Goosen pulled one five points back for the visitors during the second half (Getty)

South Africa suffered a big blow when they lost their experienced second row Eben Etzebeth to concussion, and Farrell’s easy penalty for a scrum collapse nudged England ahead in the 33rd minute.

Lawes might not have started for England if George Kruis and Maro Itoje had been fit, but the Northampton lock led the team out to mark his 50th cap, and he had a try to go with it shortly before half-time, although it needed some sharp-eyed perusal of replays by the officials.

Daly turned the South Africans with a hoisted kick on the run, and May harried Ruan Combrinck into a fumble in retreat. Daly’s harrying helped too, as Brown arrived to hack on, and replays showed Lambie’s hand preventing the Harlequin’s attempted gather. Lawes pounced on the loose ball and Farrell’s conversion had England 17-9 up.

And England led 20-9 at half-time after a 51-metre penalty goal from debutant Daly – a potentially nervy moment for the 24-year-old Wasp making his first Test start but he is renowned for his long-range kicking and, with a sweet swipe of the left boot, the ball sailed over with metres to spare.

Farrell celebrates with Ford and Yarde after going over for England's fourth try (AFP)

Three minutes into the second half, England had this first match of their four this autumn, with Fiji, Argentina and Australia to come on the next three Saturdays, wrapped up as Youngs sashayed into a yawning gap, and chose Ford on his inside to enjoy the finish, when Brown was equally well placed outside.

Farrell converted and added a penalty for 30-9 but if the simplicity of the Ford try hinted at South Africa fading, they regrouped for a thrilling try (and forget the home supporters’ moans at a forward pass from Francois Venter) as replacement fly-half Johan Goosen rounded off a raid from the Boks’ half begun by a goose-stepping Damian de Allende.

Another Youngs snipe made a try scored and converted by Farrell, and if South Africa’s last-ditch second try-scorer Willie le Roux had given Wasps fans a hint of the class he will bring when he joins the Coventry club next February, the great bulk of buoyant feelings were with England.

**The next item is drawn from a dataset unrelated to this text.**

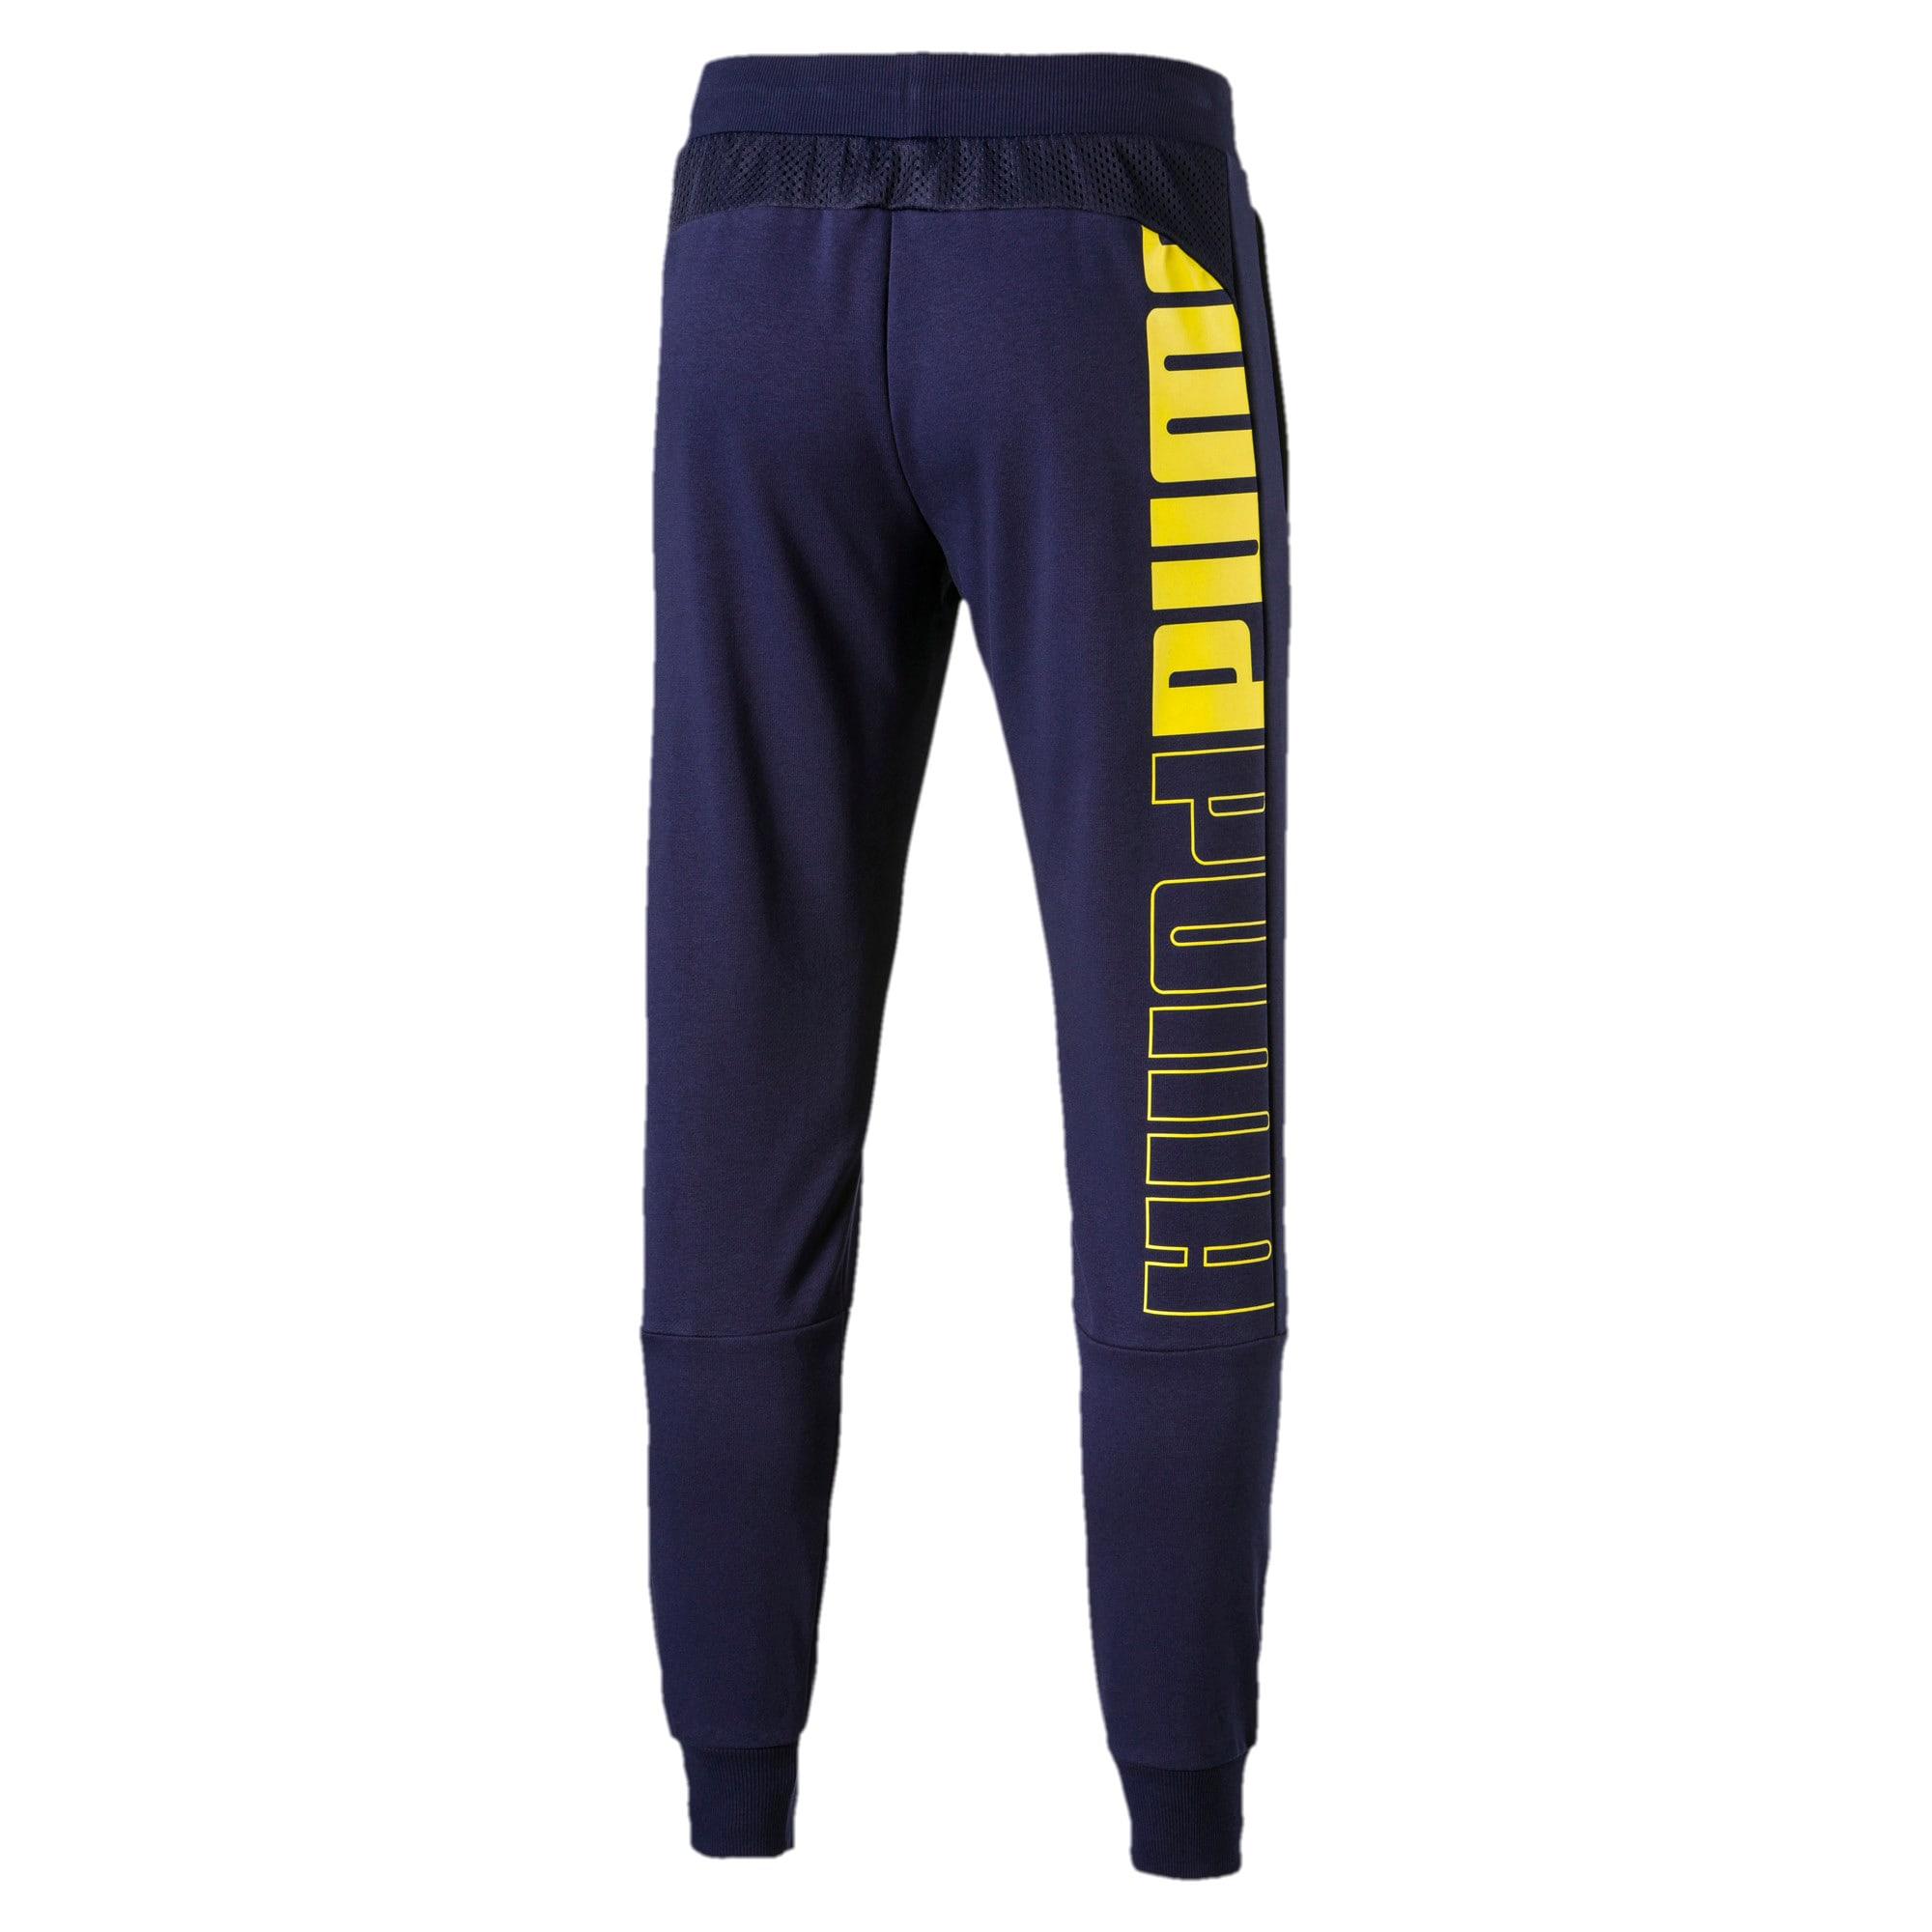 Thumbnail 2 of Modern Sports Pants, Peacoat, medium

England: M Brown; M Yarde, E Daly, O Farrell, J May (J Joseph 63); G Ford (B Te’o 71), B Youngs (D Care 68); M Vunipola (J Marler 63), D Hartley (capt; J George 56), D Cole (K Sinckler 72), J Launchbury, C Lawes, C Robshaw, T Wood (N Hughes 54), B Vunipola (D Attwood 71).

Tries: May, Lawes, Ford, Farrell; Conversions: Farrell 4; Penalties: Farrell 2, Daly.

South Africa: W le Roux; R Combrinck, F Venter, D de Allende, JP Pietersen (L Mapoe 77); P Lambie (J Goosen 54), R Paige (F de Klerk 63); T Mtawarira (S Kitshoff 56), A Strauss (capt; B Mbonambi 71), V Koch (L Adriaanse 56), E Etzebeth (F Mostert 31), L de Jager (N Carr 68), P-S du Toit, W Alberts, W Whiteley.

Tries: Goosen, Le Roux; Conversion: Combrinck; Penalties: Lambie 2; Drop goal: Lambie.